Importing Event Sources

You can import event source attributes from a CSV-formatted file. To import information from a configuration management database (CMDB), a spreadsheet, or other type of file, first convert or save the information to a CSV file.

Note: The following identification attributes are handled specially: IP, IPv6, Hostname, Event Source Type, Log Collector, and Log Decoder. If you import an event source that includes a different value for any of these fields (when compared with the value in NetWitness), the original value in NetWitness will not be overwritten.

The imported attributes are associated with the matched Event Source and are available for use in rules to create Event Source Groups.

NetWitness treats the import file as the correct, complete record.
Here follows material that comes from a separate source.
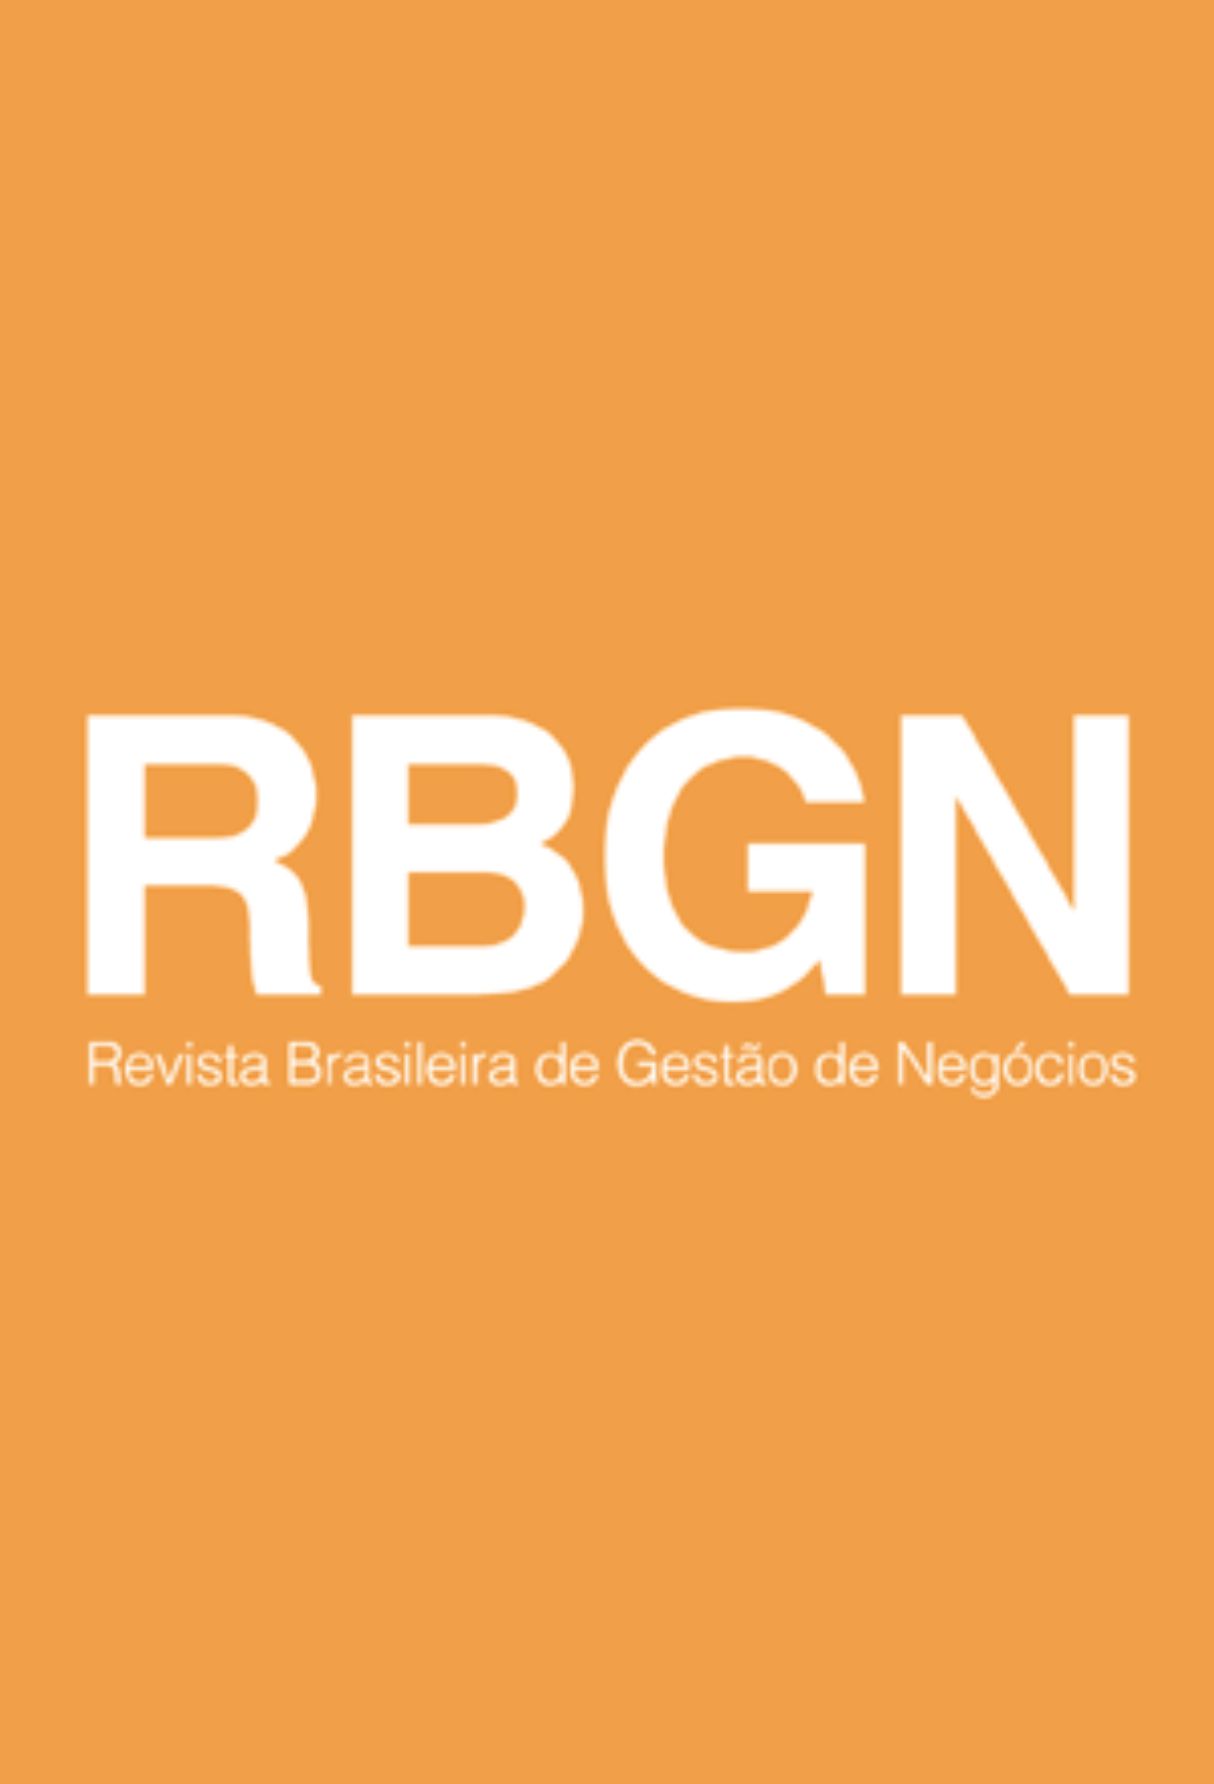 Capa: Revista Brasileira de Gestão de Negócios

This assumption leads to the following behaviors related to importing event source attributes:

  • By default, when you import attributes, the system updates attributes for existing event sources only.
  • If the event source exists in the import file, but not in NetWitness, the attributes for that event source are ignored. That is, NetWitness does not create a new event source for these attributes.
  • If the event source exists in both the import file and NetWitness, values for that event source are overwritten.
  • If an attribute is blank in the import file, it clears the corresponding attribute in NetWitness.
  • If an attribute is not specified in the import file, then the corresponding attribute is ignored in NetWitness (that is, it is not cleared).

Note: There is a difference between a blank attribute vs. one that is not specified at all. If an attribute is specified but blank, the assumption is that it is meant to be blank, and NetWitness clears that attribute for the corresponding event source. However, if an attribute is not specified at all, it is assumed that no change is expected.

The above behaviors are the defaults—you can change the behavior as specified in the following procedure.

Import Event Source Attributes

To import Event Source attributes from a file:

  1. Go to netwitness_adminicon_25x22.png (Admin) > Event Sources.

  2. Select the Manage tab.

    The Event Sources Manage tab is displayed.

    12.1_EsmMngTbNew_1122.png

  3. From the Import/Export menu in the toolbar (netwitness_selectesicon.png), select Import (netwitness_importes.png).

    The Import Event Sources dialog is displayed.

    netwitness_impesdialog.png

  4. Navigate to the import file, and select the appropriate boxes:

    • Default: The default behavior is described above.
    • Add only: Imports an attribute only if the corresponding field in NetWitness is blank. Thus, no existing values will be overwritten.
    • Do not clear values: Does not clear attribute values in NetWitness for items in the import file that are blank.
    • Add Unknown Sources: Adds new event sources based on items in the import file.

    Note: You can select multiple options.

  5. Click Import.
  6. Click Yes in the confirmation dialog to perform the import.

Troubleshooting the Import File

If your import file is not formatted correctly, or is missing required information, an error is displayed, and the file is not imported.

Check the following:

  • If you are adding unknown sources, each line in the file must contain a combination of the required attributes:
    • IP or IPv6 or Hostname, and
    • Event Source Type
  • The first line of the file must contain header names, and the names must match the names in NetWitness. To get a list of correct column names, you can export a single event source. Examine the exported CSV file: the first row of the file contains the correct set of attribute/column names.

If your import file is not formatted correctly, or is missing required information, an error is displayed, and the file is not imported.